Metabolic myopathies are a heterogeneous group of disorders characterized by inherited defects of enzymatic pathways involved in muscle fiber energetics. Diagnosing metabolic myopathies requires a thoroughly taken individual and family history, a meticulous neurologic exam, exercise tests, blood and urine tests, needle-electromyography, nerve-conduction studies, muscle biopsy, targeted genetic tests, or next-generation sequencing. There is limited evidence from the literature to guide treatment of metabolic myopathies. Treatment is largely limited to non-invasive/invasive symptomatic measures.

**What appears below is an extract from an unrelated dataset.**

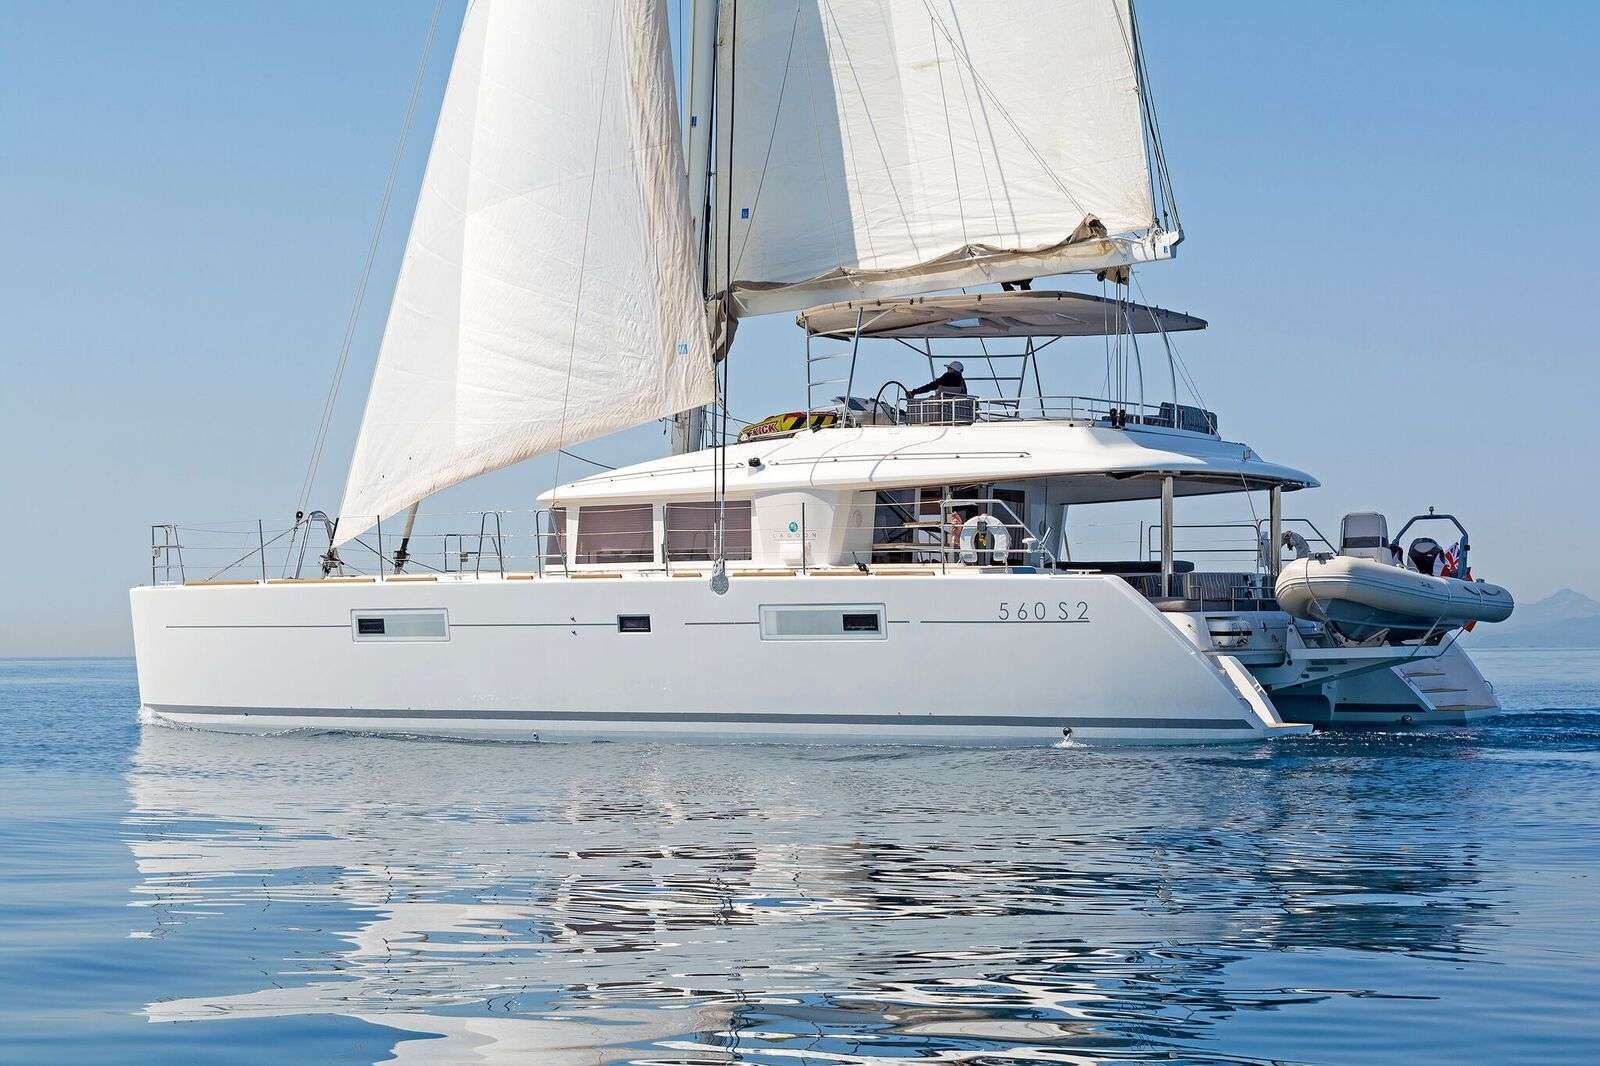 SEA BLISS Yacht Charter - Ritzy Charters
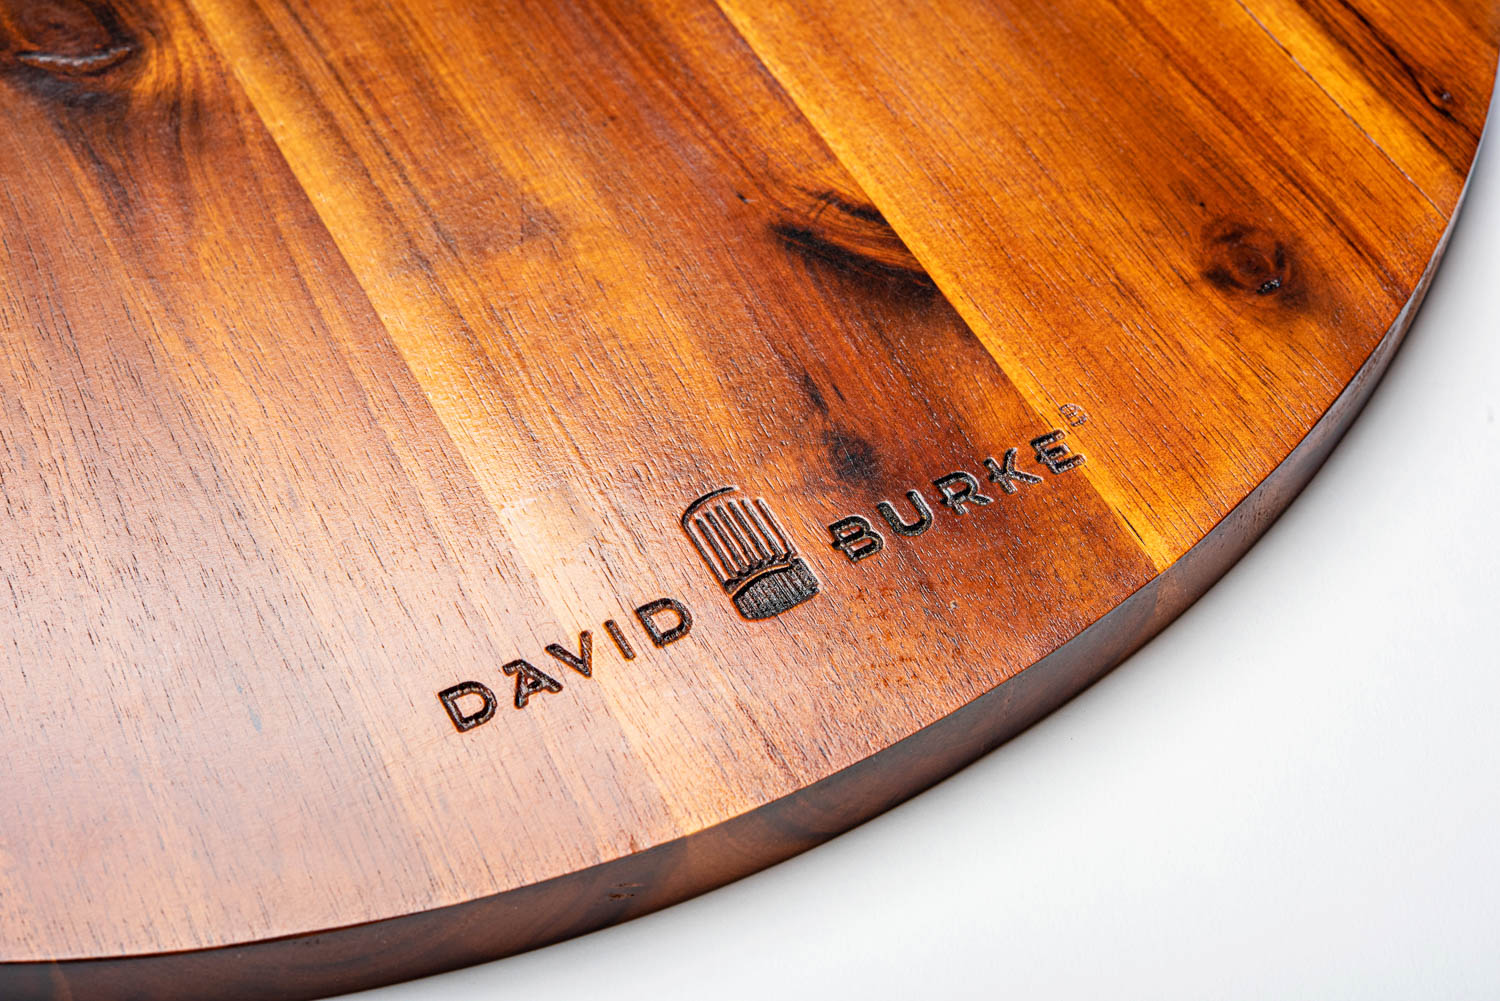 David Burke Acacia Extra Large Round Cutting Board – Chef's Kiss At Home

However, promising results have been achieved with enzyme replacement therapy in Pompe disease (GSD-II). Primary coenzyme-Q deficiency responds favorably to coenzyme-Q supplementation. MNGIE responds to allogeneic hematopoietic stem cell transplantation, orthotopic liver transplantation, and carrier erythrocyte entrapped thymidine phosphorylase enzyme therapy. MADD may respond to riboflavin. Areas covered: This review aims to summarize and discuss recent findings and new insights concerning diagnosis and treatment of metabolic myopathies. Expert commentary: Except for GSD-II, coenzyme-Q deficiency, and MNGIE, treatment of metabolic myopathies is usually palliative and supportive (non-invasive or invasive). Non-invasive symptomatic treatment includes physiotherapy, diet, administration of drugs, conservative orthopedic measures, and respiratory non-invasive support. Important is the avoidance of triggers for episodic forms of fatty acid oxidation disorders. Invasive measures include orthopedic surgery and invasive mechanical ventilation.

Keywords: Metabolism; enzyme replacement therapy; genetics; metabolic pathways; muscle; neuromuscular.